Problem details: Find the line with "от производителя СКФМ" and the line with "Rodinný dom s kôlňou pohľad zboku" in the entries below; output exactly those two lines, every line between them, and no others.

Data records:
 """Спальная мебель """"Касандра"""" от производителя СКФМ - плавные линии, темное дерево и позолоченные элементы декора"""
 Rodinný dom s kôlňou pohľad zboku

==

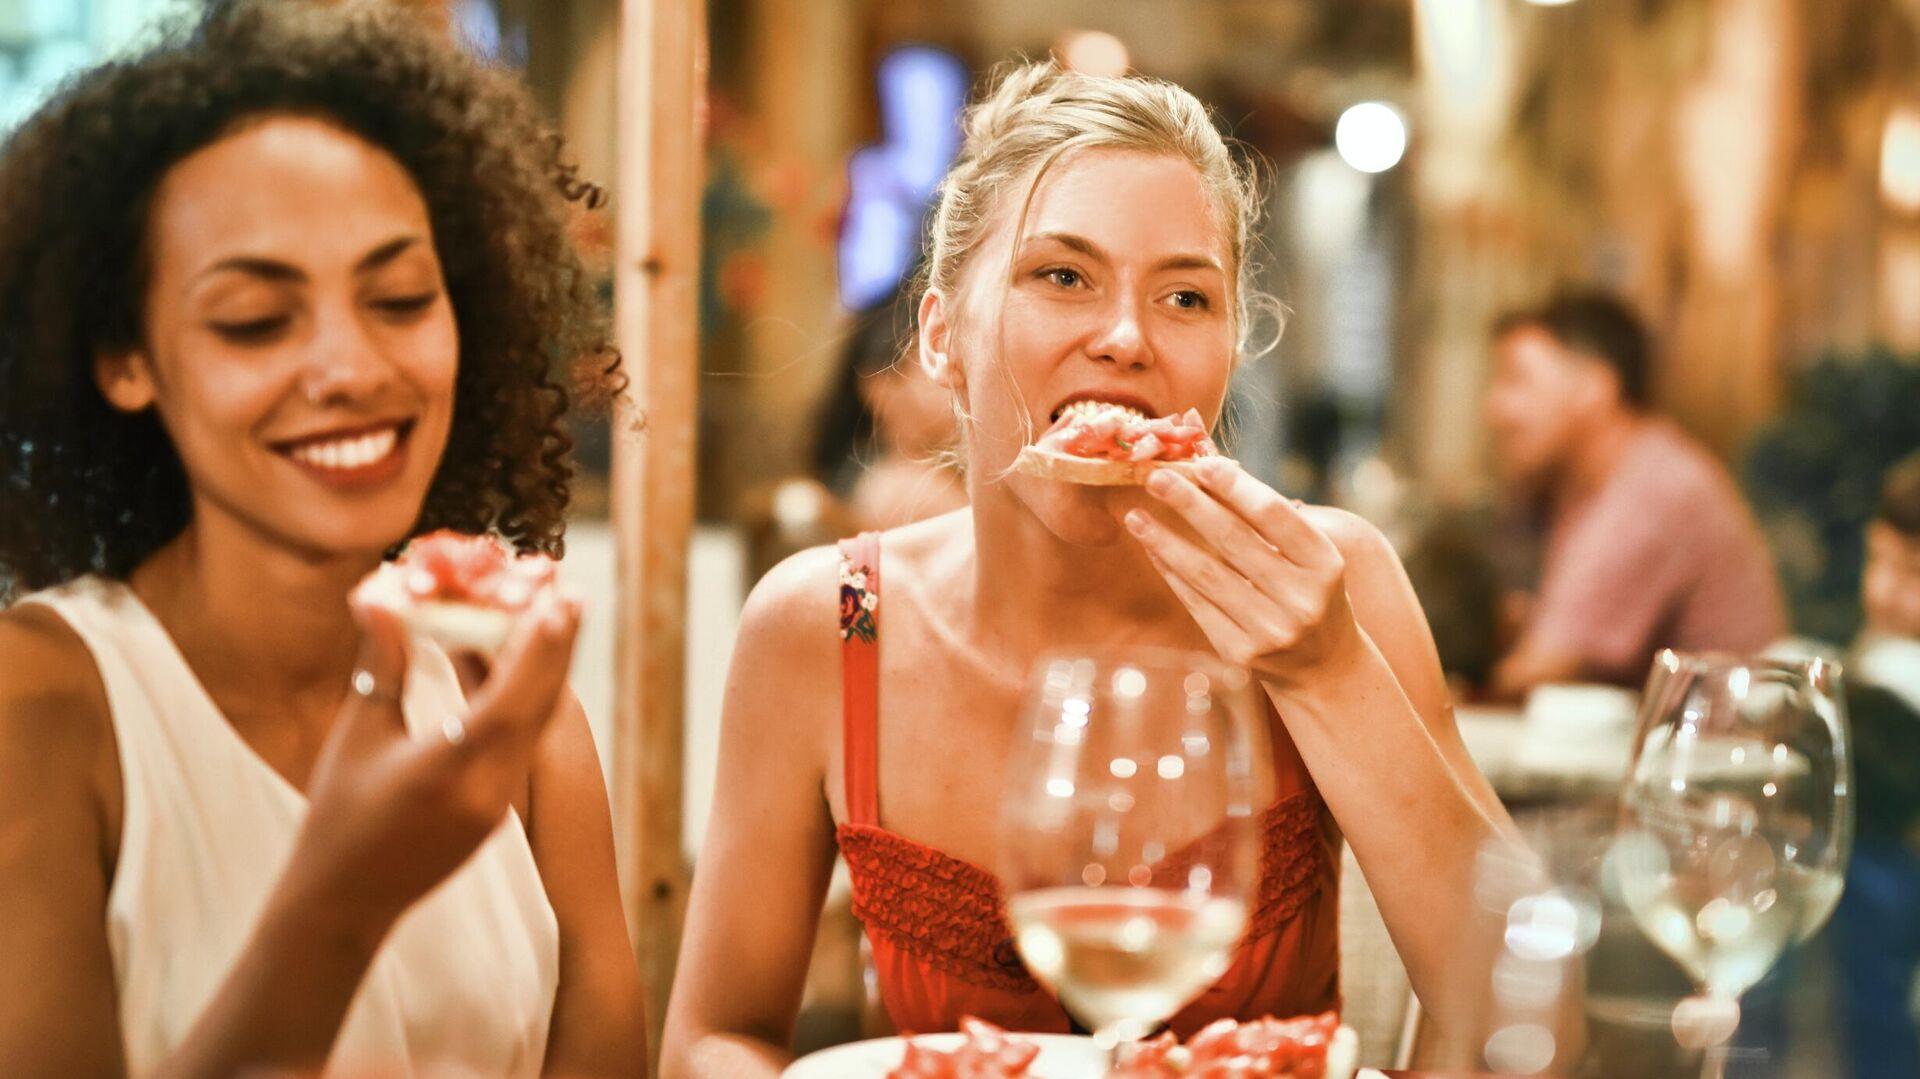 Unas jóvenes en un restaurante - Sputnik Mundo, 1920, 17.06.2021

Exercise output:
 """Спальная мебель """"Касандра"""" от производителя СКФМ - плавные линии, темное дерево и позолоченные элементы декора"""
 Rodinný dom s kôlňou pohľad zboku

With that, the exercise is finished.